1990'ların güzel GP şasisi asla seri üretimin temeli olamazdı. Bu şasiler işlenmiş, preslenmiş ve dökme alüminyum elemanlardan birbirine kaynaklanmış parçalardan oluşuyordu. Bu sadece karmaşık olmakla kalmıyor, aynı zamanda üç alaşımın da karşılıklı olarak kaynaklanabilmesini gerektiriyor. Kaynak, üretim robotları tarafından yapılsa bile para ve zaman gerektirir.

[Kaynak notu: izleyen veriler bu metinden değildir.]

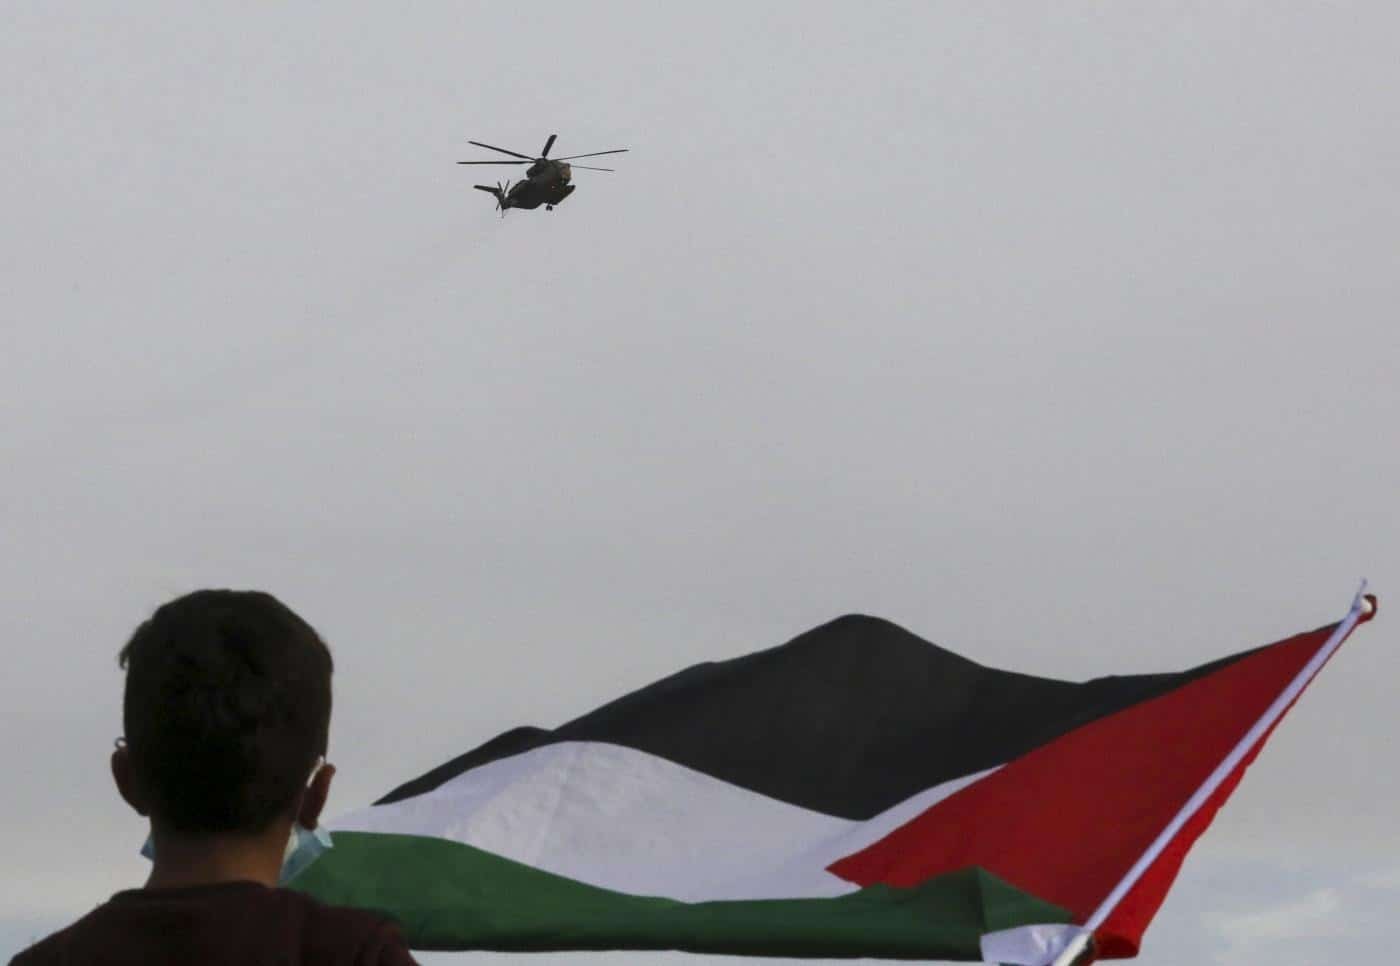 A Palestinian man waves a Palestinian flag as he watches a helicopter over head.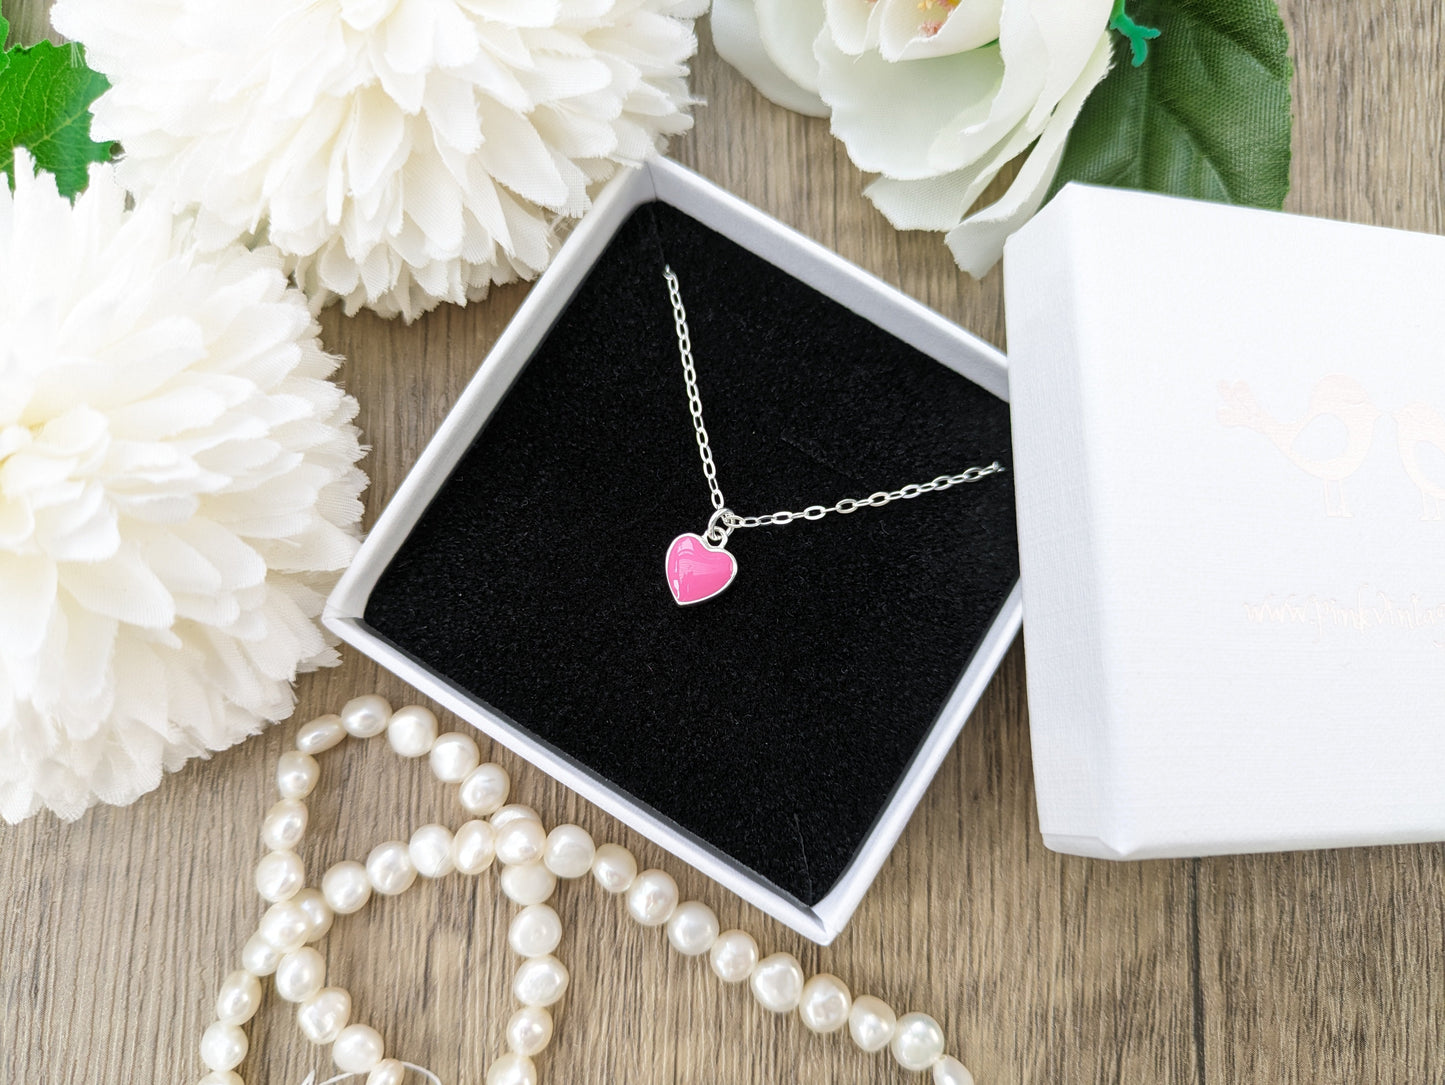 Mother and daughter necklace. Save 10% when you buy 2+.

Günümüzün hafif dört zamanlı motorlarını ve döküm şasilerini mümkün kılan teknoloji, erimiş alüminyum üzerinde anında oluşan alüminyum oksit filmlerini sürüklemeyen düşük türbülanslı kalıp doldurma yöntemleridir. Bu tür filmler metalde, geçmişte yeterli mukavemete ulaşmak için dökümlerin çok daha kalın olmasını gerektiren zayıf bölgeler oluşturur. Bu yeni süreçlerden elde edilen döküm parçalar oldukça karmaşık olabilir, ancak günümüzün alüminyum şasisi bir yandan sayılabilir kaynaklarla birleştirilebilir. Yeni döküm yöntemlerinin üretim motosikletlerinde 30 pound veya daha fazla ağırlık tasarrufu sağladığı tahmin ediliyor.
Çok çeşitli çeliklerle birlikte alüminyum, insan uygarlığının temel bir beygir gücüdür, ancak modern motosikletler için bundan daha fazlasıdır. Bu bir bisikletin etinden ibarettir, o kadar her yerde bulunur ki onu zar zor görürüz veya makinenin performansının ne kadarını ona borçlu olduğumuzun farkına varırız.